A grey circle with a white question mark at the center Practice Questions

These questions test your understanding of the particular style of regex that Python uses in its re module.

The Syntax of Regular Expressions

Regular expressions allow you to specify a pattern of text to search for. For example, the characters \d in a regex stand for a decimal numeral between 0 and 9, and adding a numeral, such as 3, in curly brackets ({3}) after a pattern is like saying, “Match this pattern three times.” Further, parentheses can create groups in the regex string that let you grab different portions of the matched text.

  1. 1. What is the difference between the re.compile() function and the search() method?

  2. 2. How many groups are in the regex (\\d{3})-(\\d{3})-(\\d{4})?

  3. 3. What about in the regex (\\d{3})-(\\d{3}-(\\d{4}))?

  4. 4. Rewrite this regex using a raw string: \\(\\d{3}\\)-(\\d{3})-(\\d{4}).

  5. 5. List four characters that have special meaning in regex strings and must be escaped if you want to literally match them.
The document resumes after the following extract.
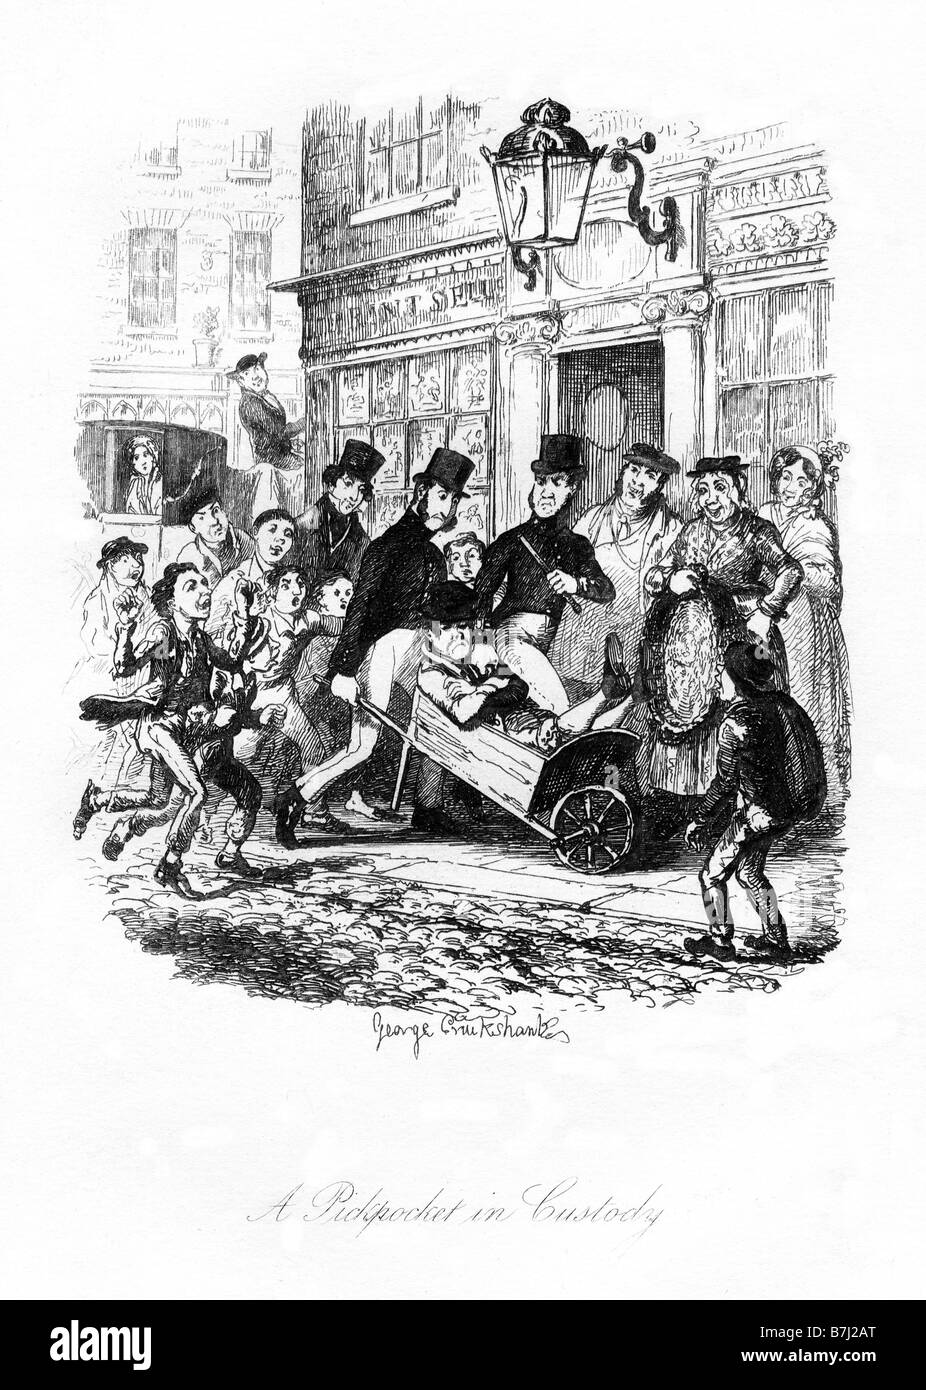 Sketches by Boz A Pickpocket In Custody illustration by George Cruikshank of the new Peelers in Dickens first book Stock Photo
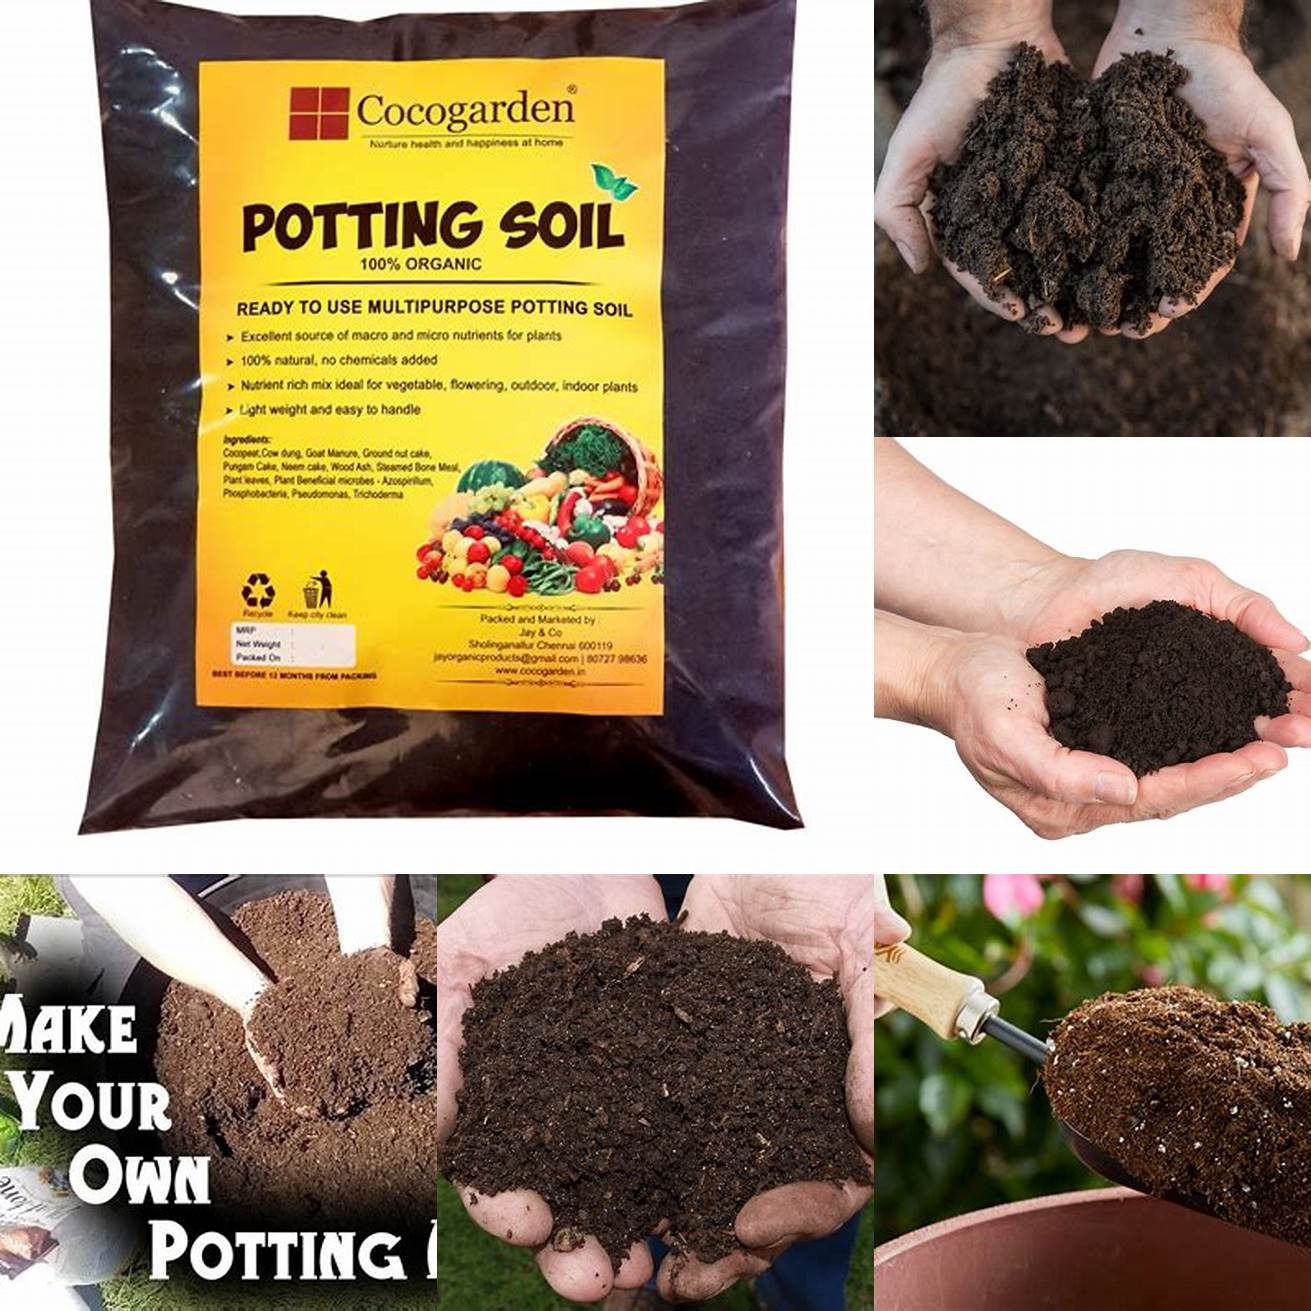 Use High-Quality Soil Choose a soil mix that is high in organic matter

  6. 6. Write a regex that uses the alternation syntax to match the word clutter, clue, or club.

  7. 7. Which of the following strings does the regex (A|B)(A|B) match: A, B, AA, AB, BA, or BB?

  8. 8. What is the main difference between the search() method and the findall() method?

  9. 9. If findall() were called on a Pattern object of the regex r'\d{3}-\d{3}-\d{4}', which could it possibly return: ['415-555-9999'] or [('415', '555', '9999')]?

  10. 10. If findall() were called on a Pattern object of the regex r'(\d{3})-(\d{3})-(\d{4})', which could it possibly return: ['415-555-9999'] or [('415', '555', '9999')]?

Qualifier Syntax: What Characters to Match

The qualifiers of a regular expression dictate what characters you’re trying to match. You can specify these using character classes, shorthand character classes, and characters with special meaning in regular expressions. Test your understanding of qualifier syntax.

  1. 11. Write a regex with a character class that is equivalent to a|b|c|d.

  2. 12. Write a regex that uses shorthand character classes to match strings like a1z, B3x, and L0L.

  3. 13. Will the regex [a-z] match the string é (an e with an accent mark)?

  4. 14. Will the regex \w match the string é (an e with an accent mark)?

  5. 15. Will the regex \W match the string é (an e with an accent mark)?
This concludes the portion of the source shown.